(The data begins)

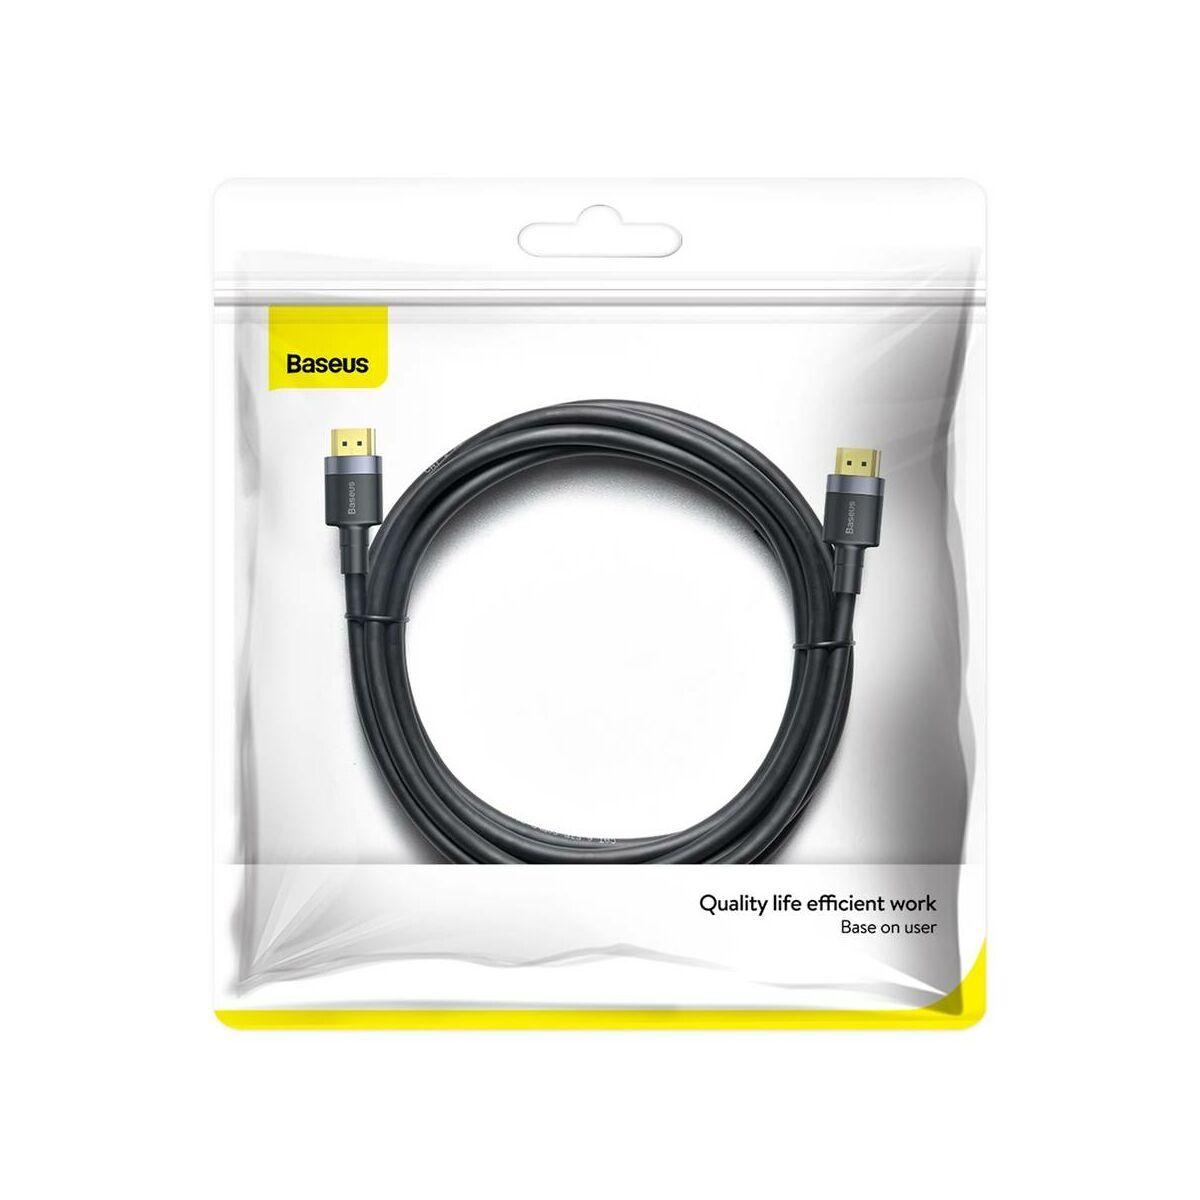 Baseus Video kábel, Cafule 4KHDMI [apa] - 4KHDMI [apa] 3m, fekete (CADKFL-G01)
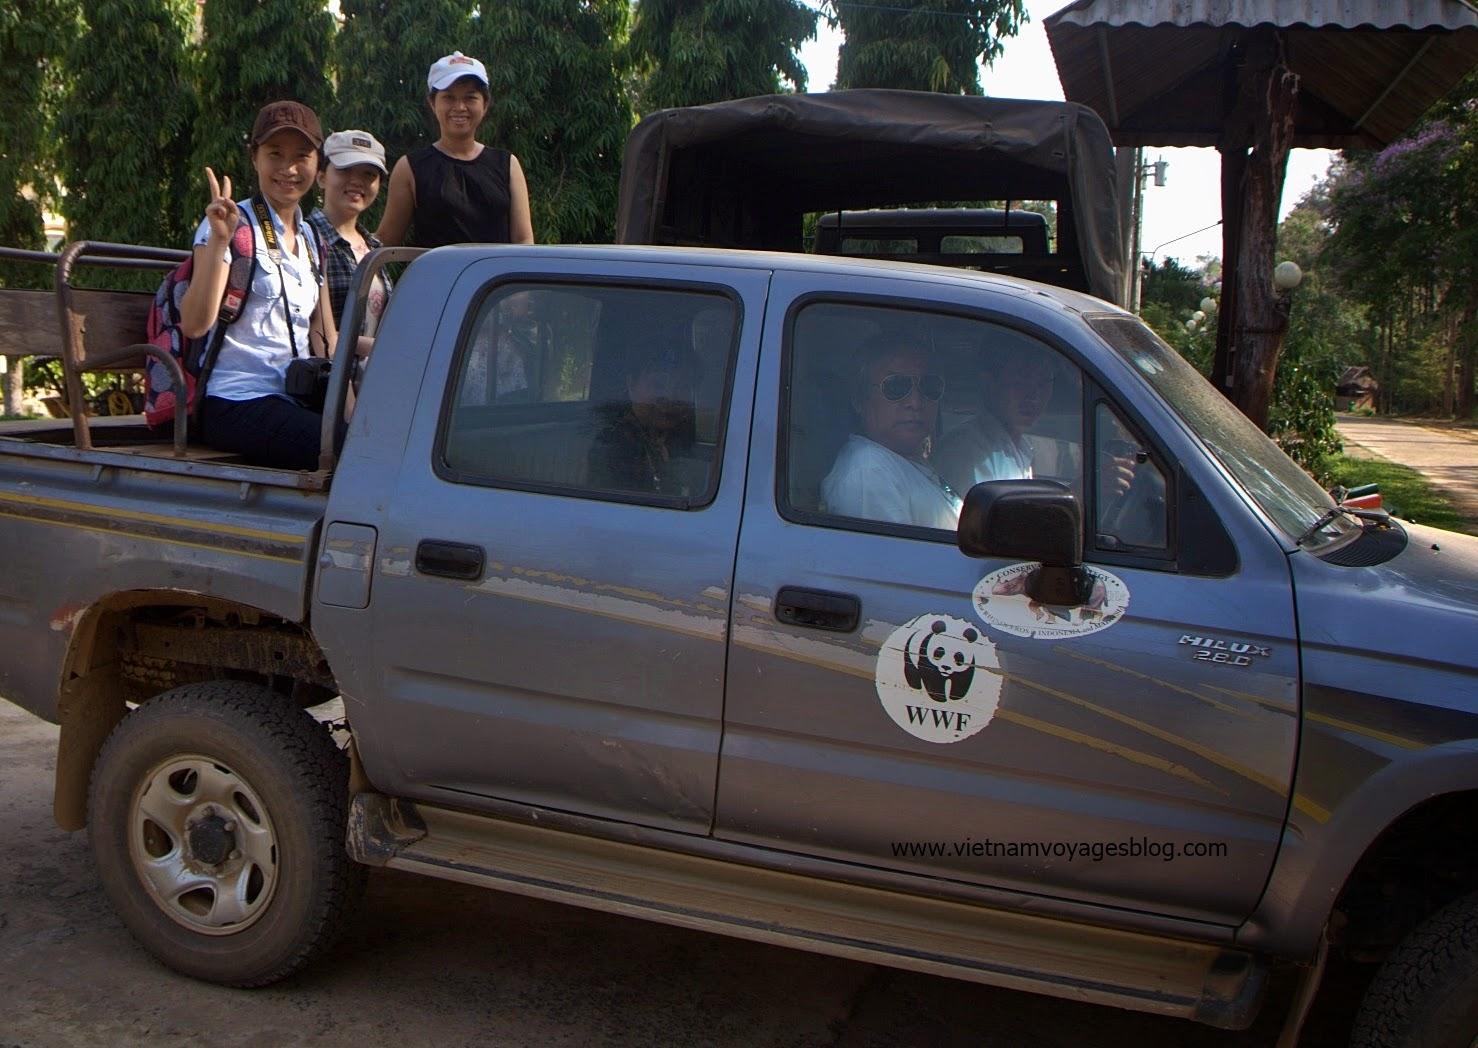 Đoàn chúng tôi tham quan rừng bằng xe chuyên dụng
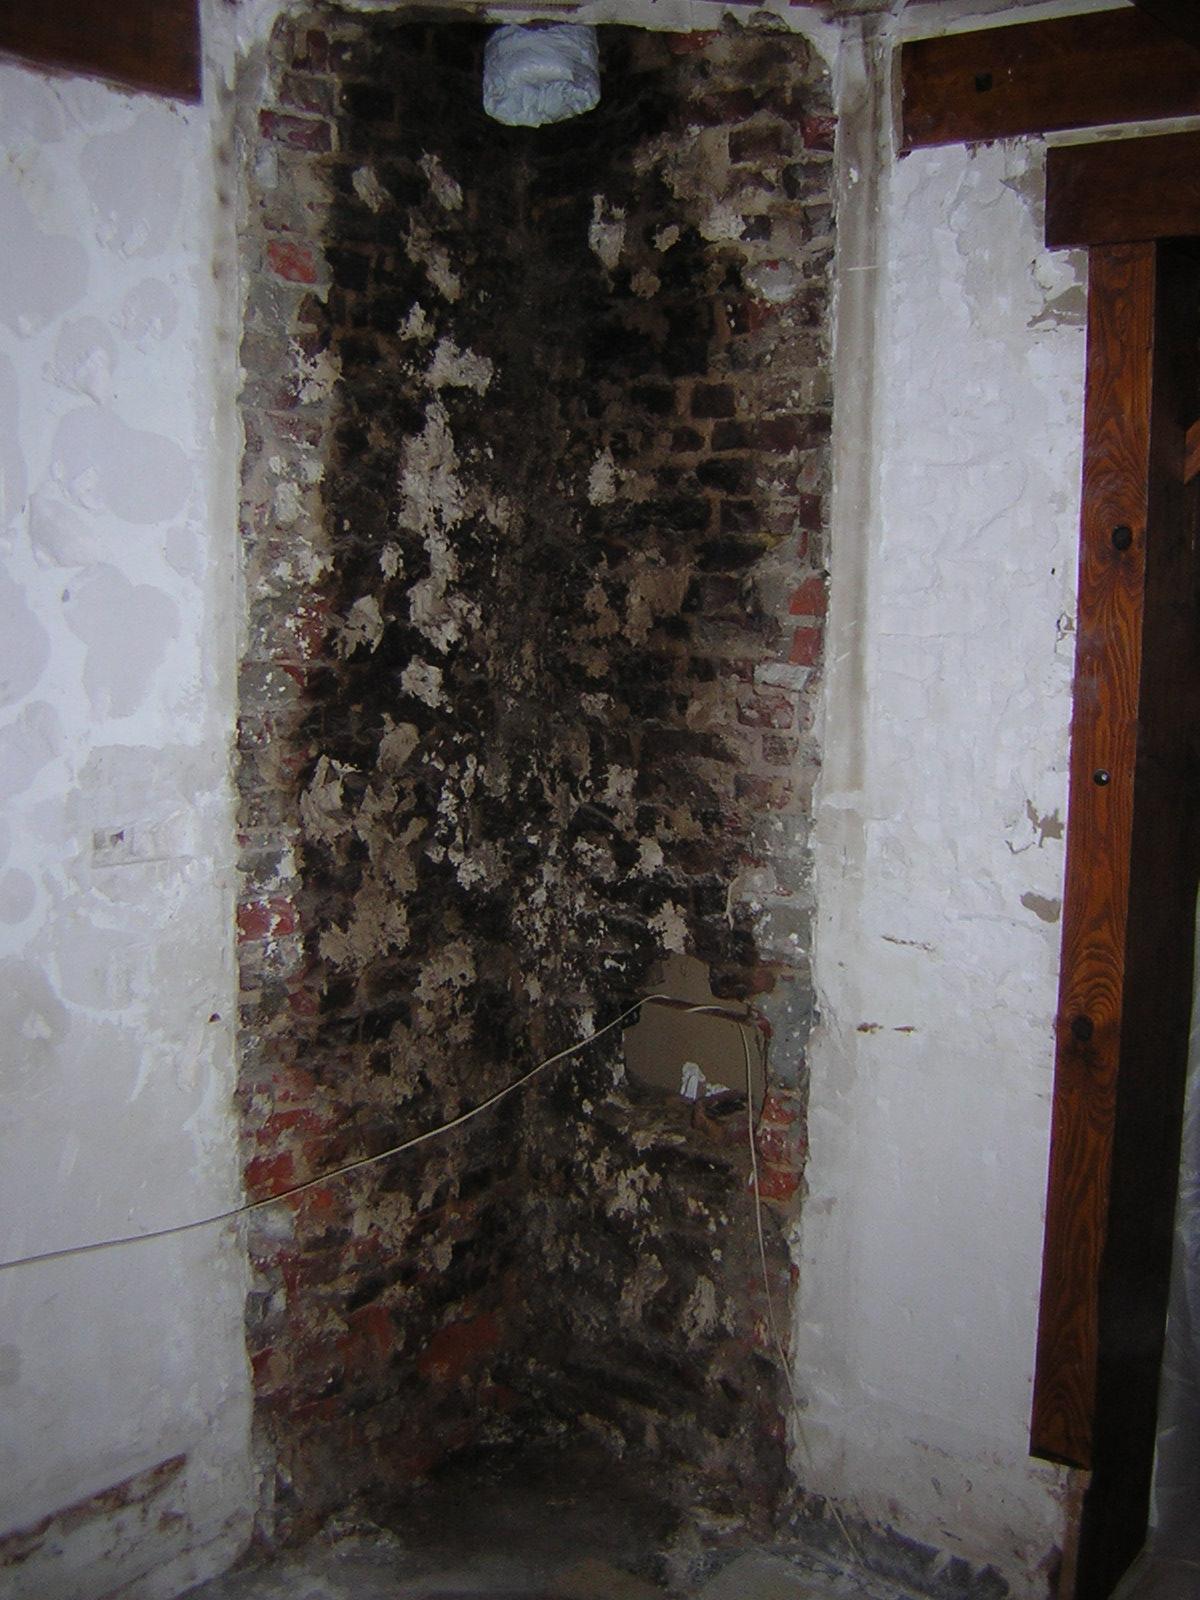 Conduit De Cheminee En Brique Rouge platrer ancienne cheminée briques rouge pleines de suie
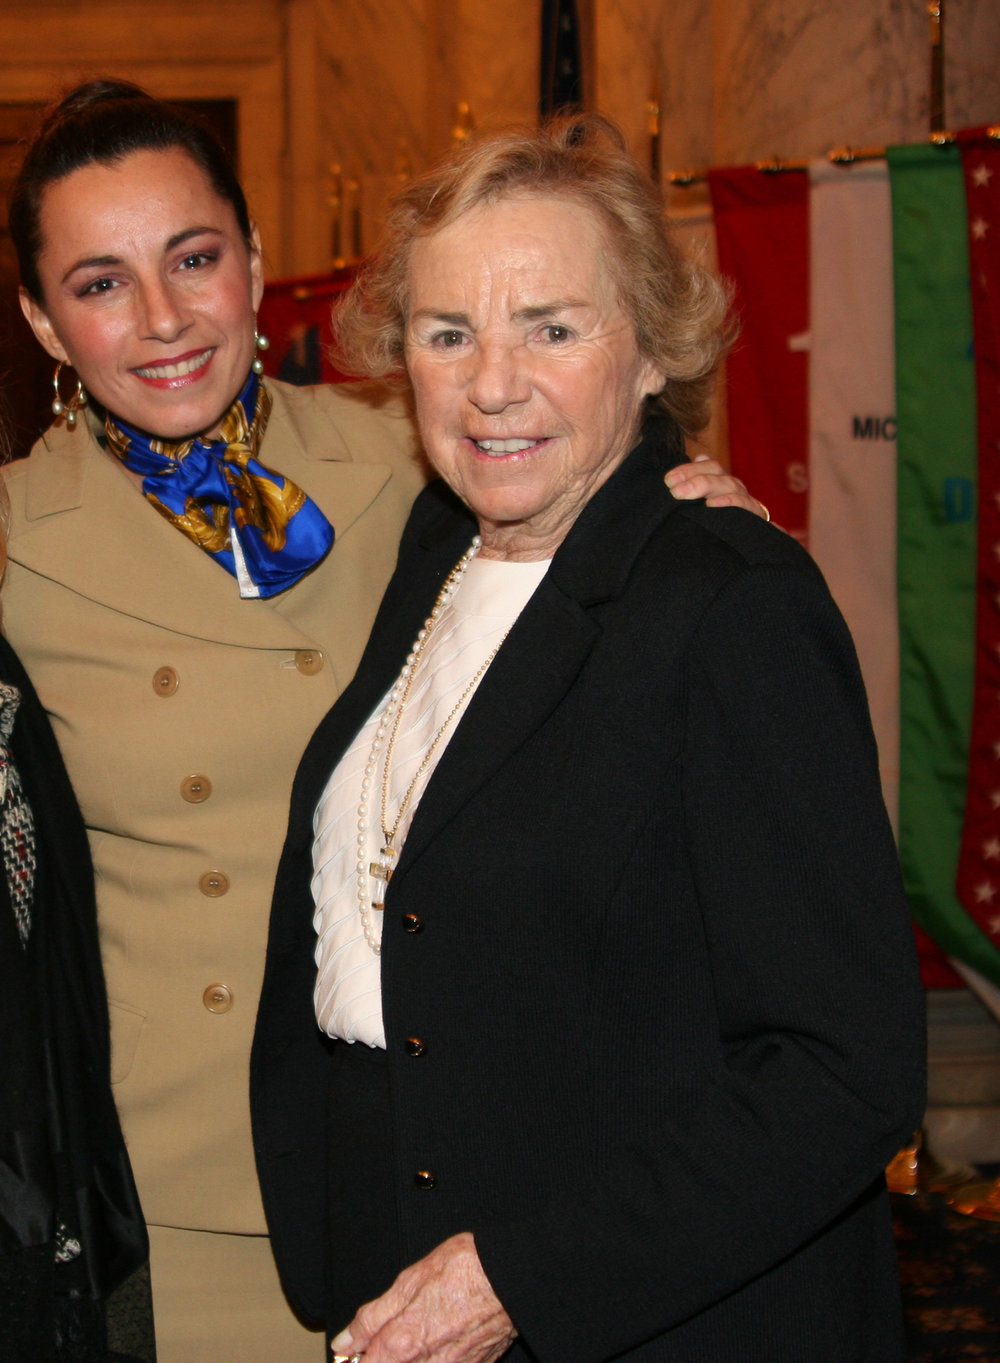 Ethel Kennedy_Selma Fonseca.JPG
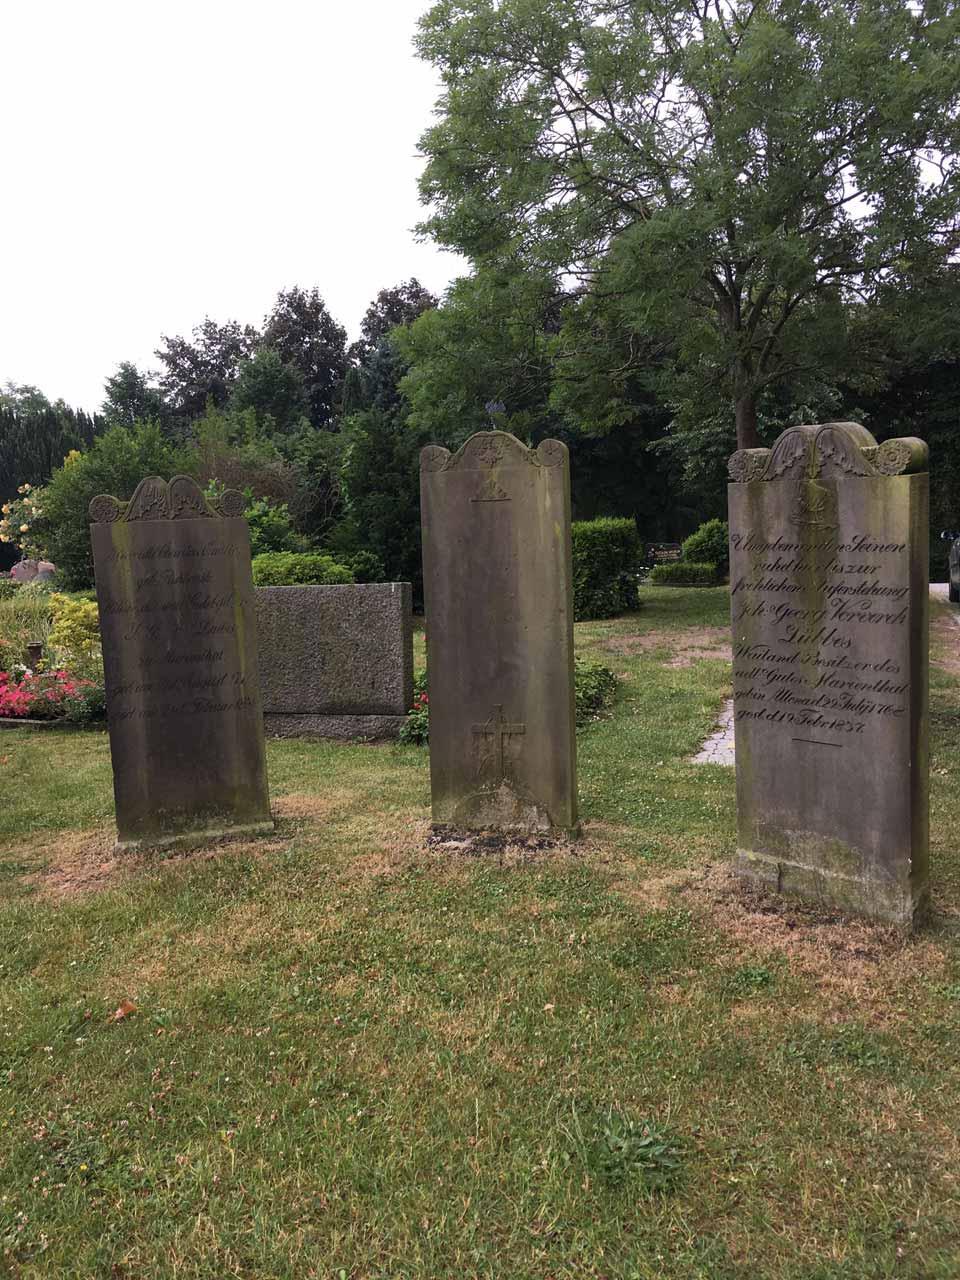 Grabsteine auf dem Friedhof von Eckernförde

(The data ends)

# Task to carry out:
Print the full listing again exactly, and drop every image from it.

# Solution to this exercise:
 Baseus Video kábel, Cafule 4KHDMI [apa] - 4KHDMI [apa] 3m, fekete (CADKFL-G01)
 Đoàn chúng tôi tham quan rừng bằng xe chuyên dụng
 Conduit De Cheminee En Brique Rouge platrer ancienne cheminée briques rouge pleines de suie
 Ethel Kennedy_Selma Fonseca.JPG
 Grabsteine auf dem Friedhof von Eckernförde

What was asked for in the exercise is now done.